Ave César



La cérémonie des Césars ne fait que caricaturer les phantasmes de notre monde. Ce que nous aimons par dessus tout, à tel point qu'il semble aujourd'hui nous dominer, c'est l'argent. L'argent sonnant et trébuchant qui convertit tout en tout. La valeur d'échange par excellence. Tout s'évalue, se compare, s’additionne grâce à la monnaie. Expertise, contre expertise, audit, et finalement le marché, pour nous donner la valeur interchangeable des choses.

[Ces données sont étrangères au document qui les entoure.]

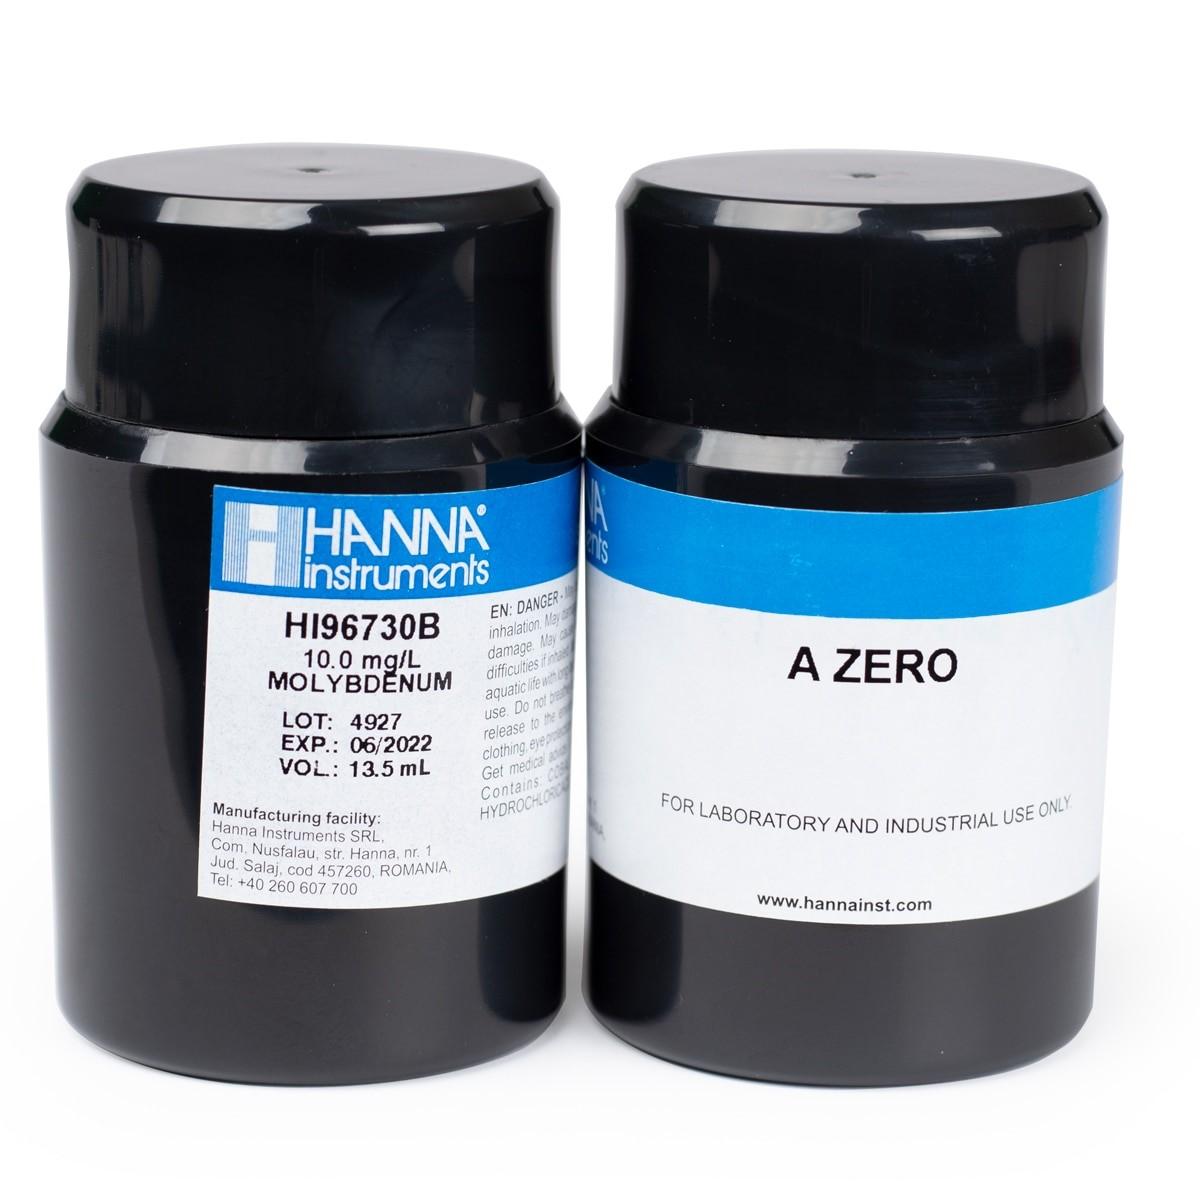 HI96730-11 Molybdenum CAL Check™ Standards
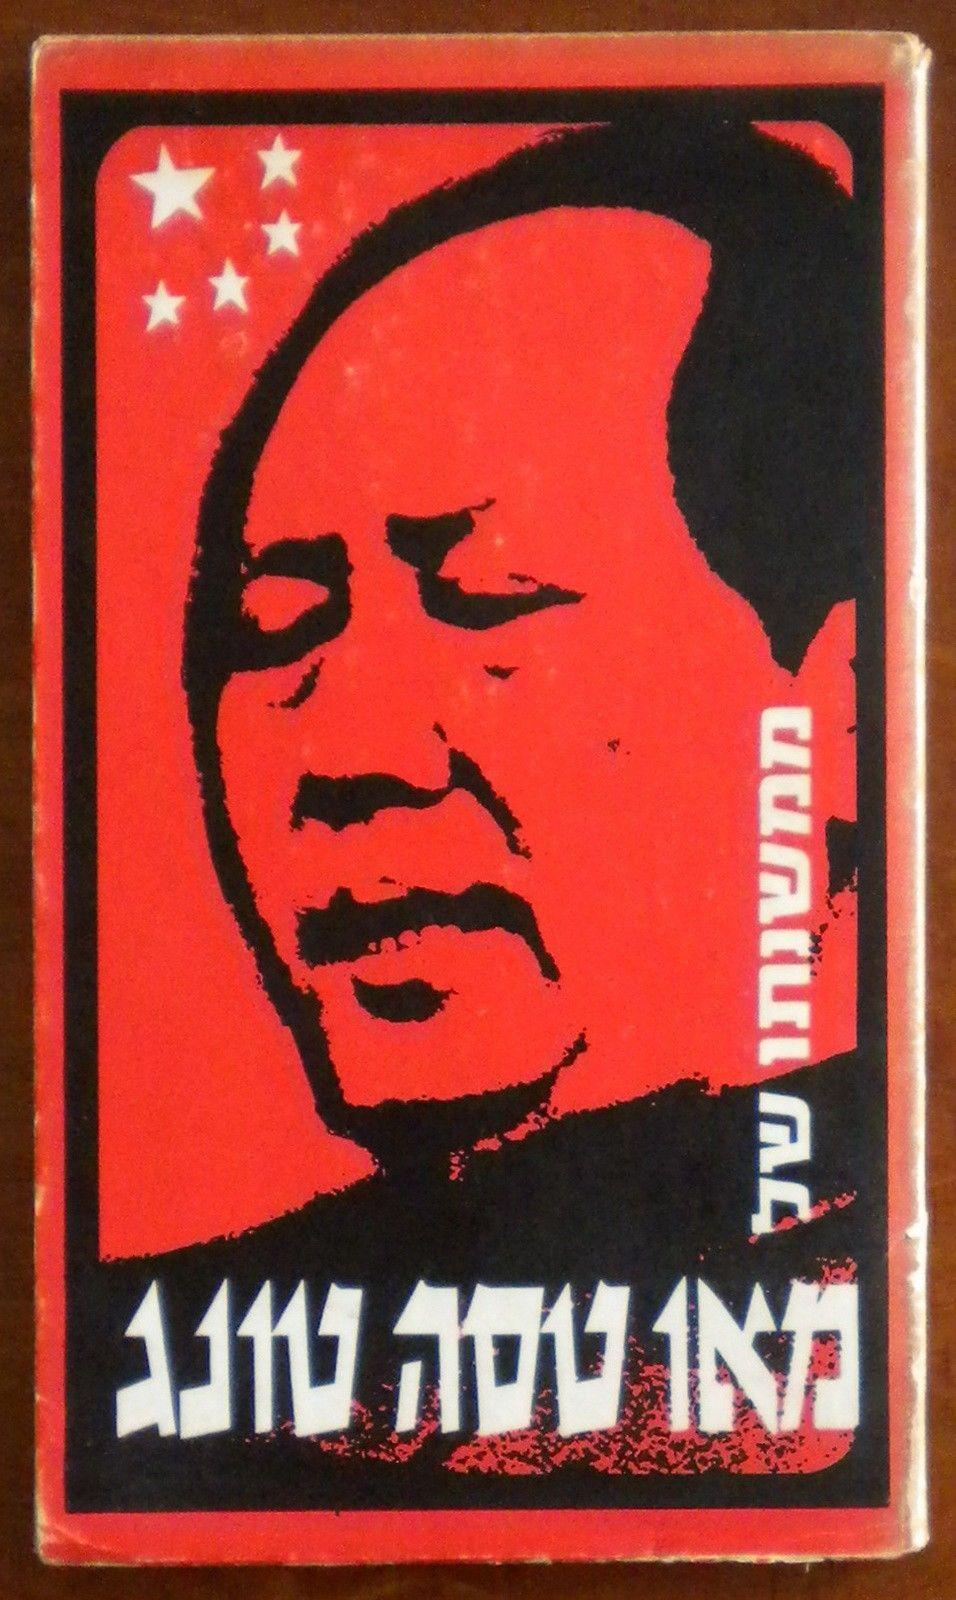 Quotations from Chairman Mao Tse Tung RARE Israel Hebrew

Alors pourquoi ne pas, dans ce délire de l'équivalence, comparer la prestation d'un Jérémie Renier à celle d'un Jean-Louis Trintignant. Si il y a bien quelque chose que l'on ne peut pas comparer c'est bien la valeur artistique des choses. Pourquoi niveler dans une enveloppe ce qui nous séduit par ses différences. Le Cinéma est diverse. Il est sublime justement quand il ne se répète pas. Alors pourquoi vouloir le comparer à lui même. La création n'existe que parce qu'elle est unique. Quelle drôle d'idée de la célébrer en la normalisant par un jury et des catégories qui ne font que dépecer devant nous ce bel animal vivant qu'est la production cinématographique. Ce que la cérémonie des césars tente de faire, c'est tout simplement de faire rentrer une année de cinéma français dans une soirée de gala d'autoproclamation. Voilà bien le phantasme de notre siècle qui veut tout classer, tout digérer. L'ironie de cette soirée, qui veut arriver à faire rentrer toute la beauté et la diversité du cinéma dans une boite, c'est que les gagnants, n'auront qu'une compression en guise de trophée. Ils l'ont bien méritée. Celui qui fut avec talent un homme pressé, n'est plus qu'aujourd'hui grâce au César qu'une carrière compressée. Ave César.